Description
Failure to use API setPrecision!!!
Environment
TensorRT Version: 7.0.0.11
GPU Type: 2080ti
Nvidia Driver Version: 440.95.01
CUDA Version: 10.2
CUDNN Version: 7.6.5
Operating System + Version: centos7
Python Version (if applicable): 3.6
TensorFlow Version (if applicable):
PyTorch Version (if applicable): 1.6
Baremetal or Container (if container which image + tag):
Relevant Files
I currently use TensorRT for yolov5 model acceleration and int8 quantization method.At present, the accuracy loss of the model under int8 quantization mode is relatively large, so I want to conduct screening layer by layer.Through the official website query API setPrecision can set the level of calculation accuracy.Specific as follows:
So I changed the code as follows:
" ILayer* focus(INetworkDefinition *network, std::map<std::string, Weights>& weightMap, ITensor& input, int inch, int outch, int ksize, std::string lname) {
ISliceLayer *s1 = network->addSlice(input, Dims3{0, 0, 0}, Dims3{inch, Yolo::INPUT_H / 2, Yolo::INPUT_W / 2}, Dims3{1, 2, 2});
s1->setPrecision(DataType::kFLOAT); // Set the fp32 computational precision of this layer.
ISliceLayer *s2 = network->addSlice(input, Dims3{0, 1, 0}, Dims3{inch, Yolo::INPUT_H / 2, Yolo::INPUT_W / 2}, Dims3{1, 2, 2});
s2->setPrecision(DataType::kFLOAT); // Set the fp32 computational precision of this layer.
ISliceLayer *s3 = network->addSlice(input, Dims3{0, 0, 1}, Dims3{inch, Yolo::INPUT_H / 2, Yolo::INPUT_W / 2}, Dims3{1, 2, 2});
s3->setPrecision(DataType::kFLOAT); // Set the fp32 computational precision of this layer.
ISliceLayer *s4 = network->addSlice(input, Dims3{0, 1, 1}, Dims3{inch, Yolo::INPUT_H / 2, Yolo::INPUT_W / 2}, Dims3{1, 2, 2});
s4->setPrecision(DataType::kFLOAT); // Set the fp32 computational precision of this layer.
ITensor* inputTensors[] = {s1->getOutput(0), s2->getOutput(0), s3->getOutput(0), s4->getOutput(0)};
auto cat = network->addConcatenation(inputTensors, 4);
cat->setPrecision(DataType::kFLOAT); // Set the fp32 computational precision of this layer.

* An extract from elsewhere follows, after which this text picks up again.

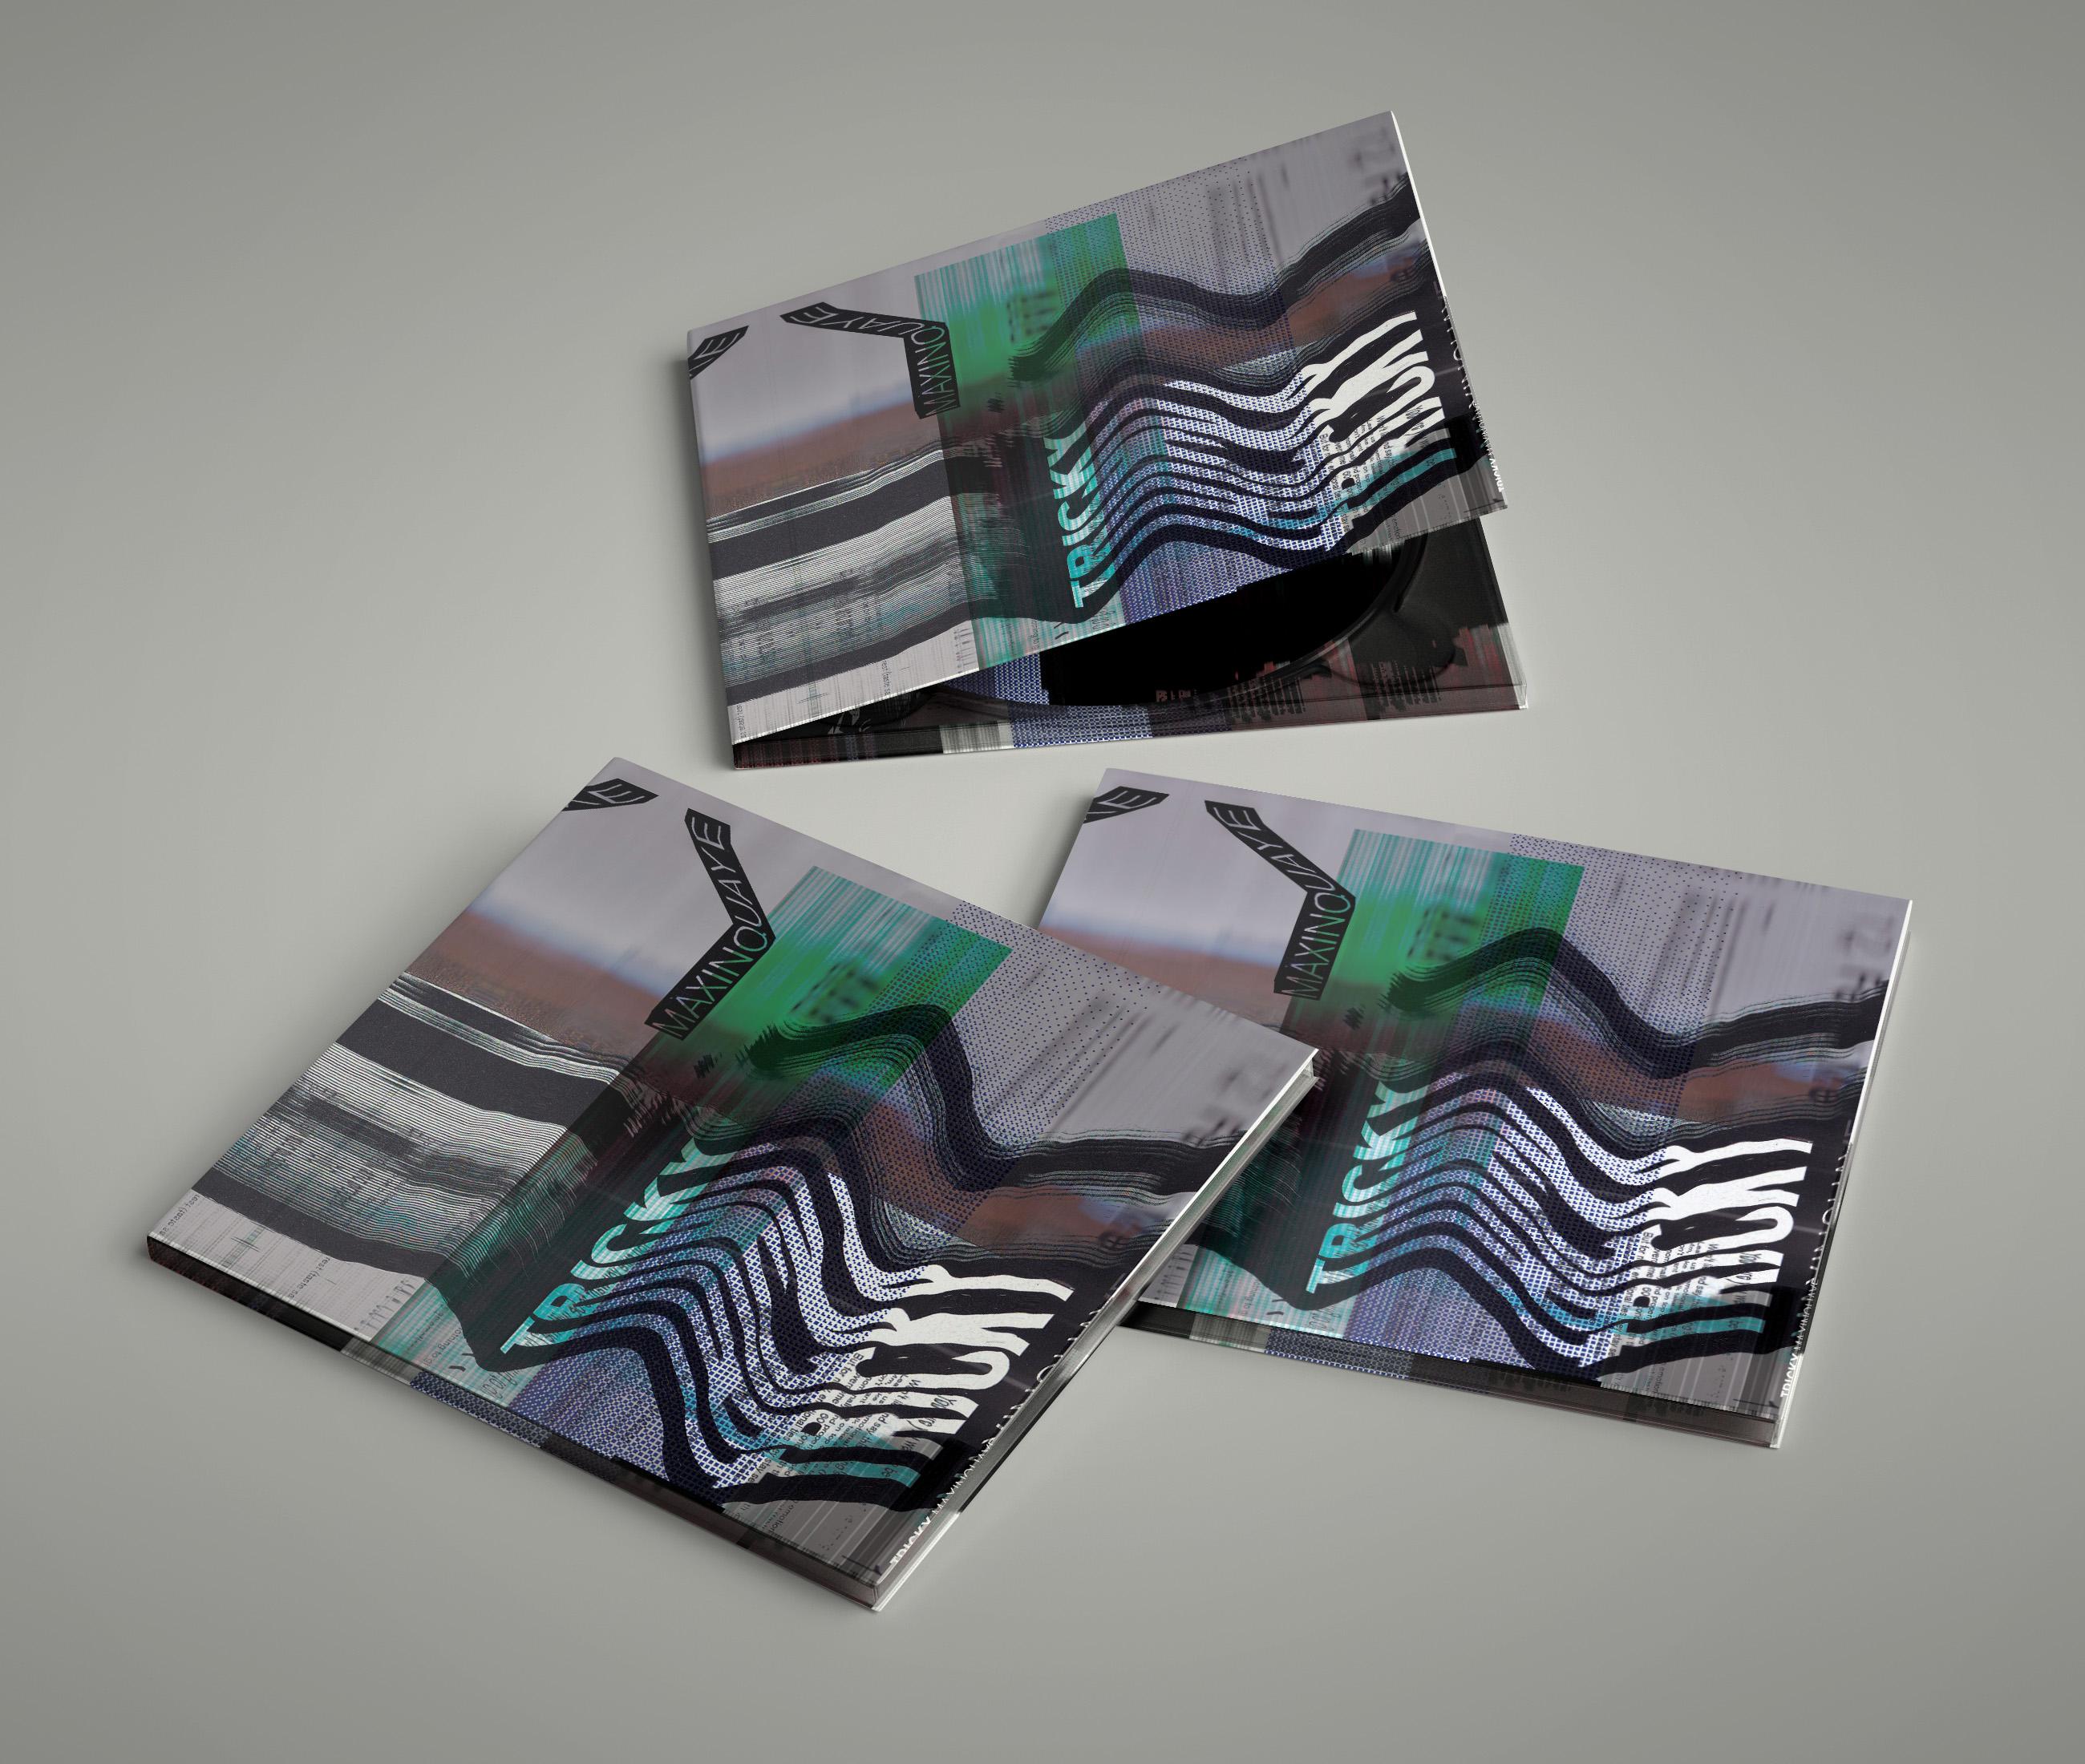 Tricky-Maxinquaye///Album Cover by Andrei Alecsandru Pantea - Creative Work - $i
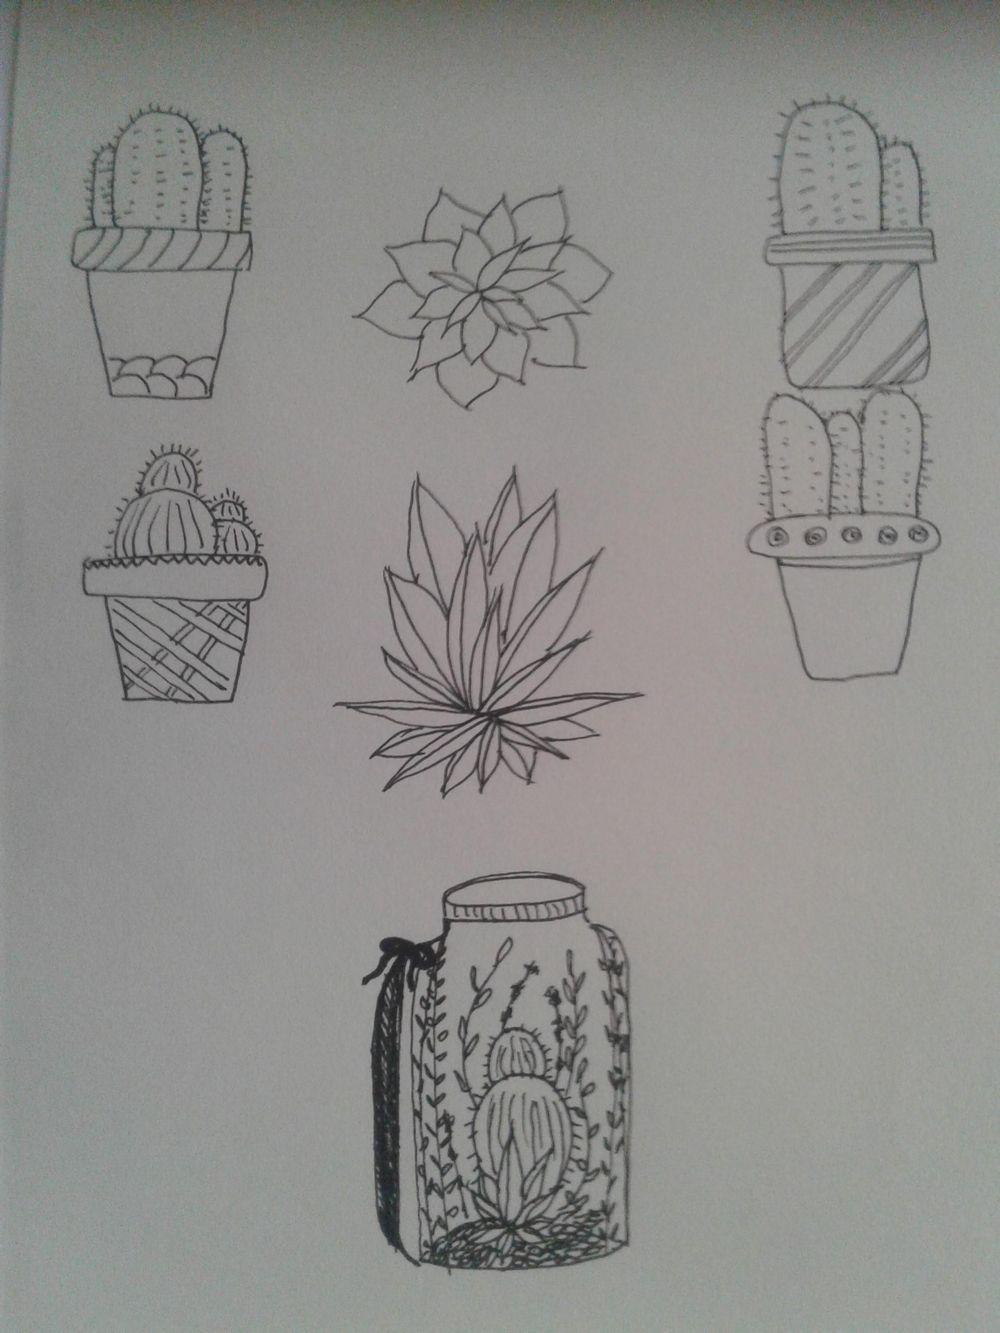 Floral Doodles - image 3 - student project

auto conv = convBnLeaky(network, weightMap, *cat->getOutput(0), outch, ksize, 1, 1, lname + ".conv");
conv->setPrecision(DataType::kFLOAT); // Set the fp32 computational precision of this layer.
return conv;
}"
But after I modified it, I tested it and found that even if I restricted all the layers to FP32, the accuracy of the output was consistent with the unrestricted accuracy!!!
So I want to make sure that I’m not using the API correctly?
thanks!!!